Assistant Professor, Clinical Research Division Fred Hutchinson Cancer Center Seattle, Washington, United States
Introduction: Ocular comorbidities such as cataracts, which may lead to blurry vision and QOL impairments, are more common in relapsed multiple myeloma (MM) than in new diagnoses (Ailawadhi 2022). Pre-belantamab ophthalmological analyses from DREAMM-2 [3+ prior lines of therapy (LoT), over half aged ≥65] showed that 60% of pts with relapsed/refractory MM had cataracts at baseline (Popat 2022). In contrast, only 34% of US adults aged ≥65 have cataracts (Wittenborn 2023). We hypothesized that dexamethasone (dex) dose intensity and duration would predict both cataract occurrence as well as visual significance (pt-reported interference with QOL).
Methods: This was a secondary analysis of pt-reported treatment data collected from users of the HealthTree Cure Hub for Multiple Myeloma database. Pts who recalled developing cataracts with any LoT were asked to rate their cataract-related symptoms on a 1-5 Likert scale. Dex exposure was assessed by calculating the total duration and dosage across all LoTs until cataracts were first reported; cycles were assumed to be 28 days long regardless of regimen. Time-to-cataract survival analyses were conducted to assess the risk of cataracts. Ordinal logistic regression and correlation analyses were performed to evaluate the association between dex exposure and cataract severity.

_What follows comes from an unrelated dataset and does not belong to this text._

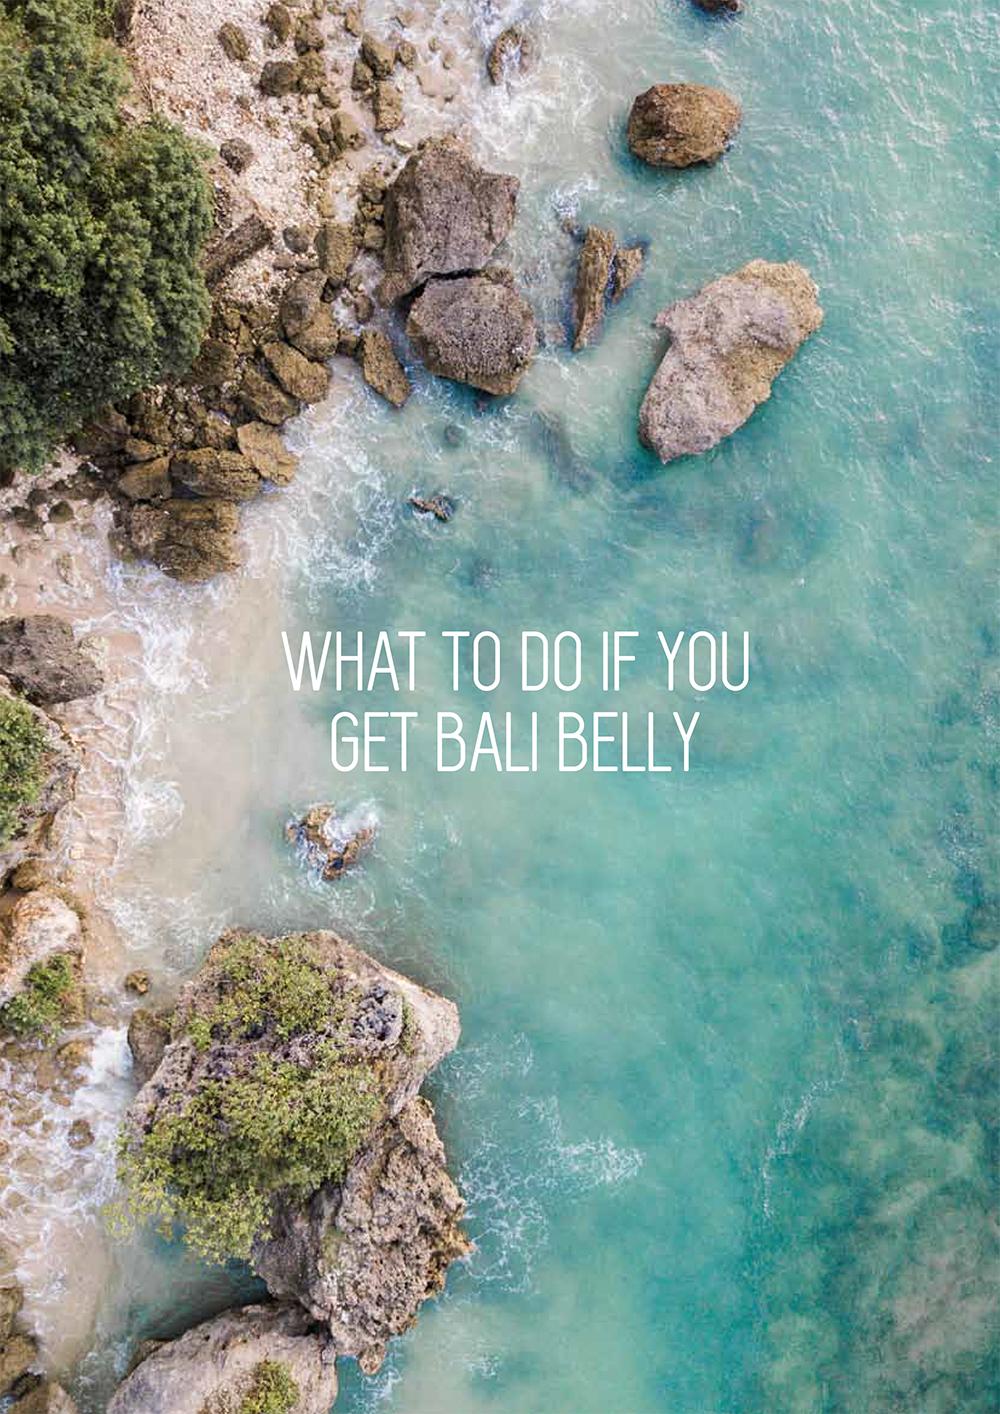 What to do if you get Bali belly-Jordan Pie-1.jpg

Results: Of n=231 pts with MM who recalled developing cataracts, median age at cataract onset was 65 years (range 31-85) with median 23 prior dex cycles (IQR: 3.5-33.3). Of these pts, 36% developed cataracts within 6 cycles of dex and 48% within 12 cycles of dex. Cataract severity (on a 1-5 Likert scale) was rated as hardly noticeable by 23%, uncomfortable by 29%, disruptive by 36%, severely disruptive by 11%, and requiring treatment discontinuation by 1%. Ordinal regression analyses of 97/231 pts with detailed dex dosing data available (from concurrent chart review) showed a significant association between total dex exposure and cataract severity (coefficient estimate [ce] 0.255, p< 0.05), which was confirmed by correlation analysis (r=0.143). However, age at cataract onset (ce 0.004, p=0.81) and dex dose per cycle (ce -0.004, p=0.19) did not show a significant relationship with cataract severity.

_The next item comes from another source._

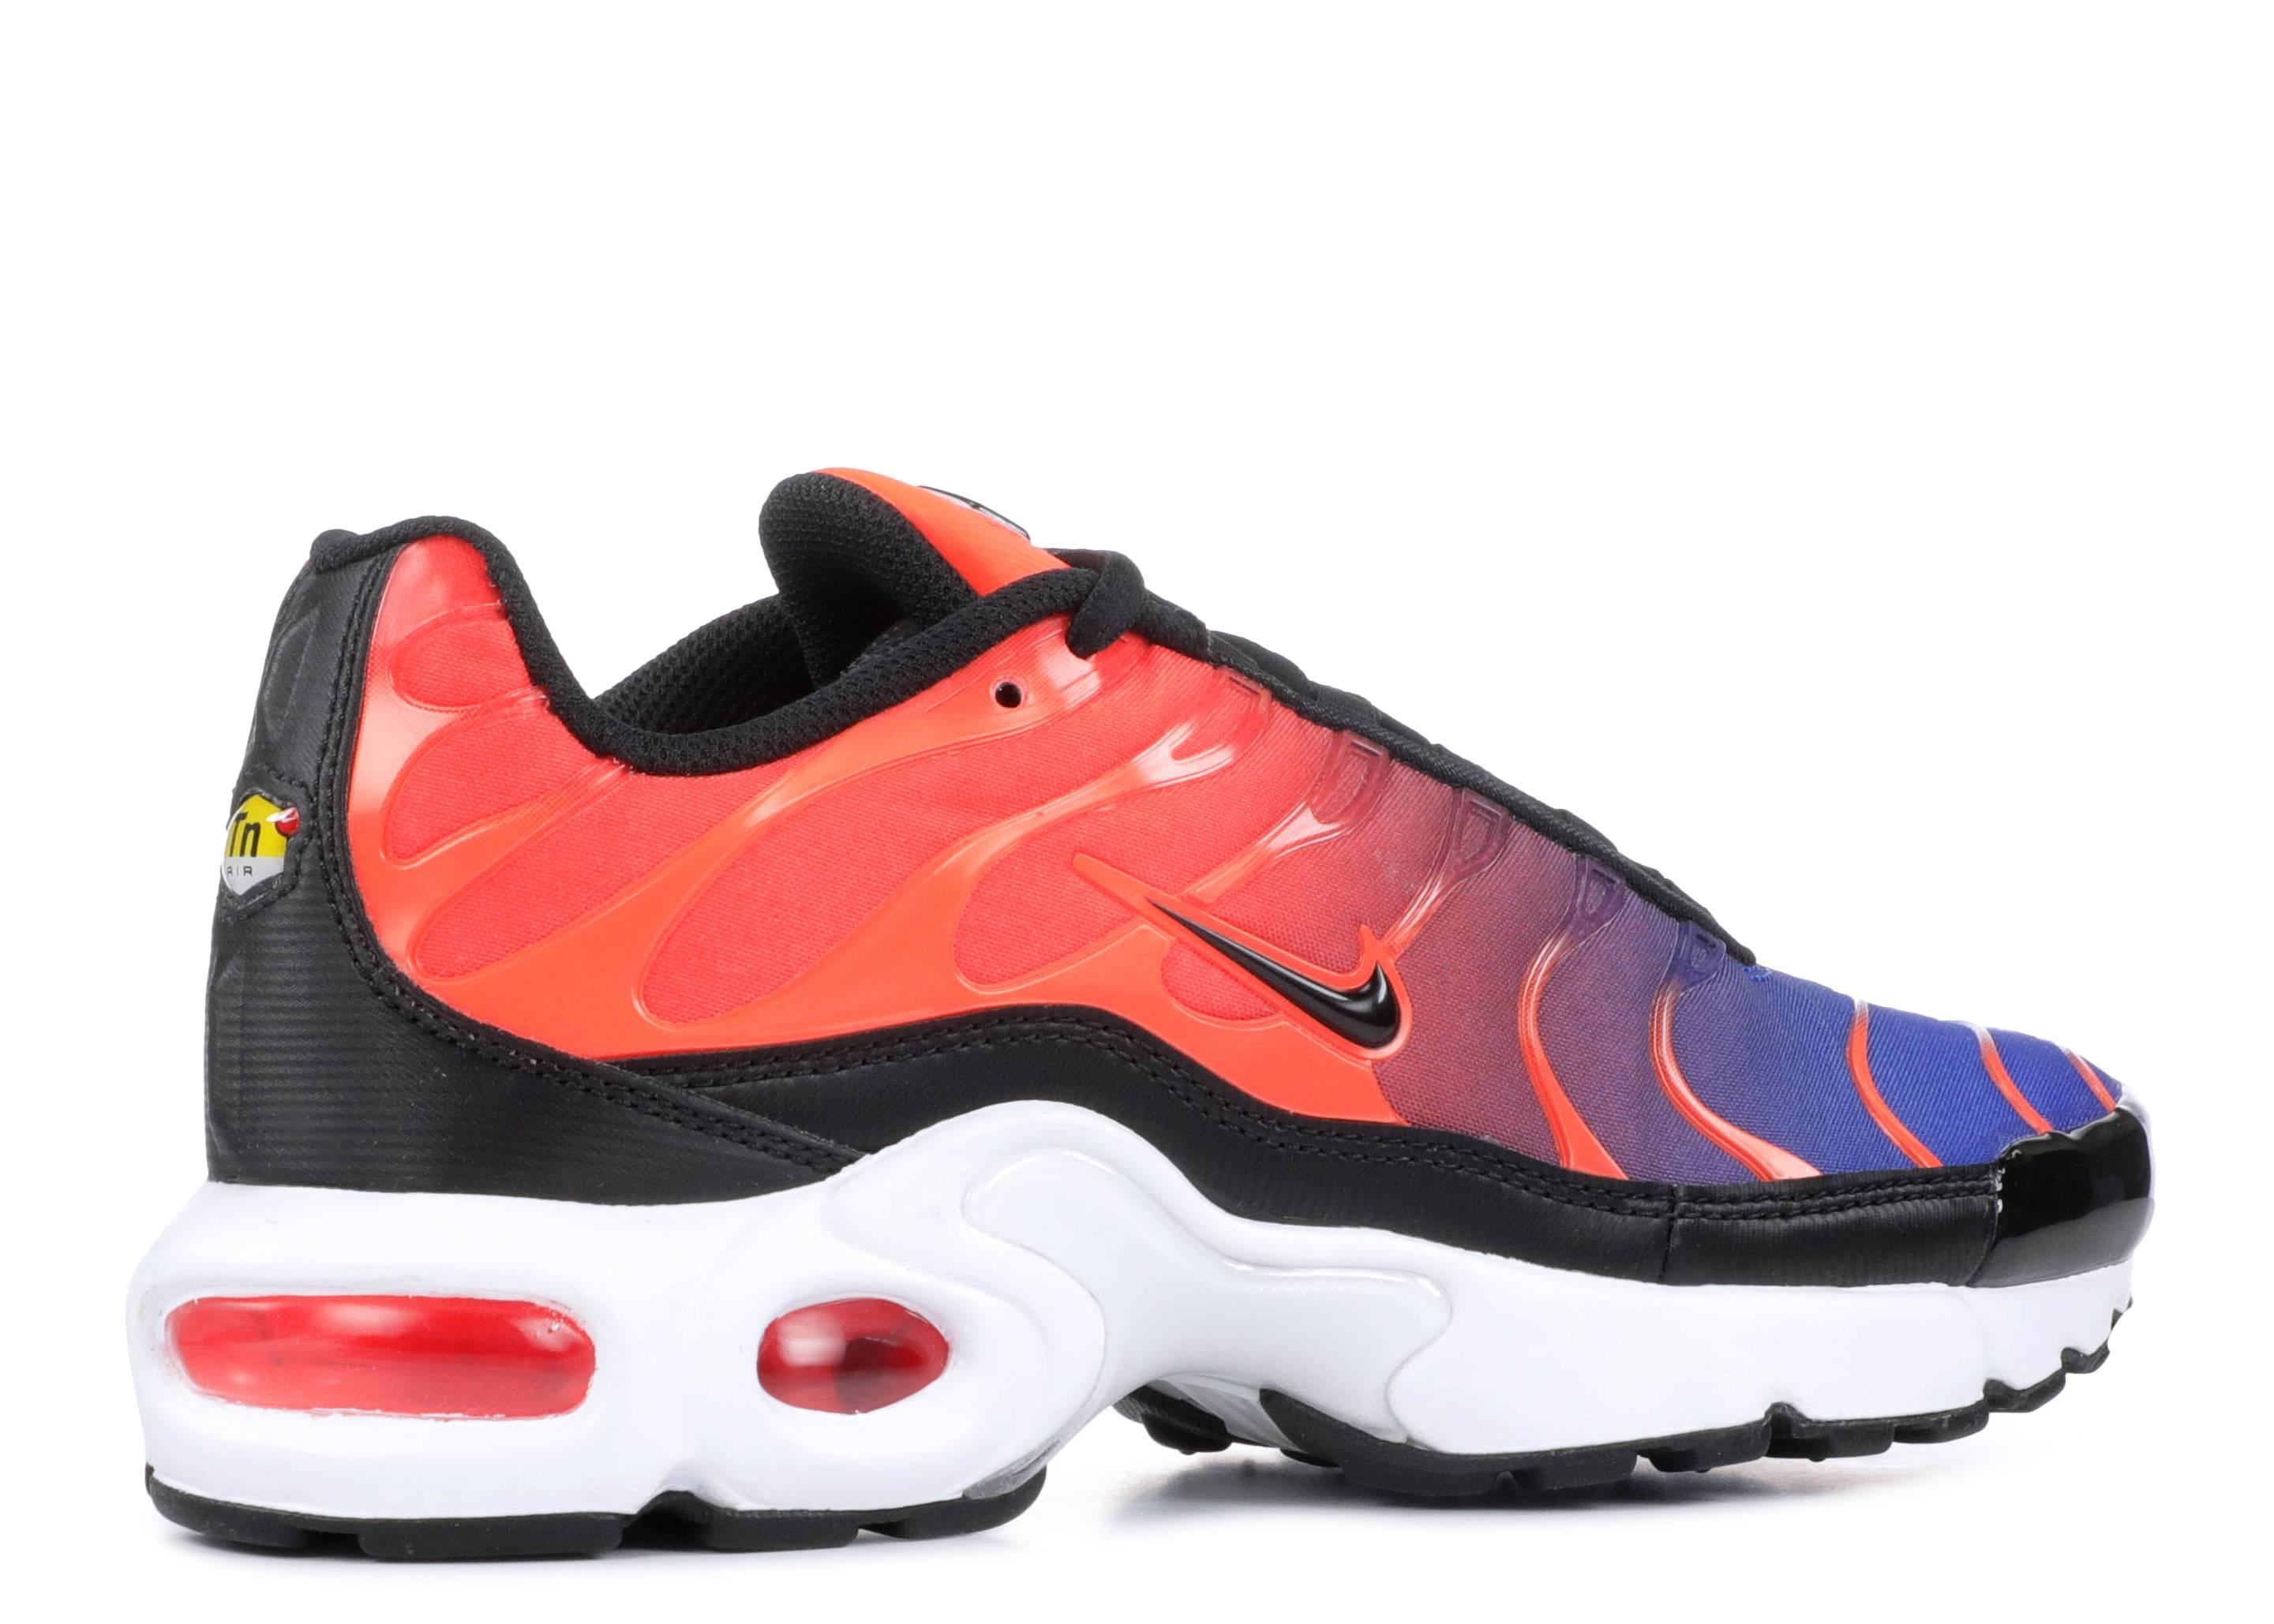 Details about Nike Air Max Plus SE Tn Size 4Y Women's 5.5

Conclusions: Of pts with MM who develop cataracts, almost half rate their cataracts as disruptive or severely disruptive to QOL. Over 30% of pts who report cataracts recall developing this toxicity within 6 months of exposure to dex-containing regimens, a concerning finding given that pts may remain on dex for years with regimens like Dara-Kd or Isa-Kd in the relapsed setting. While limited by recall bias and lack of a control group who did not develop cataracts, strengths of our analysis include its direct focus on the pt experience. Given the unclear contribution of dex to most MM regimens apart from preventing infusion reactions during the 1st cycle, discontinuation of chronic dex after the first few cycles should be considered in all pts with MM and not just for frail or late-line pts.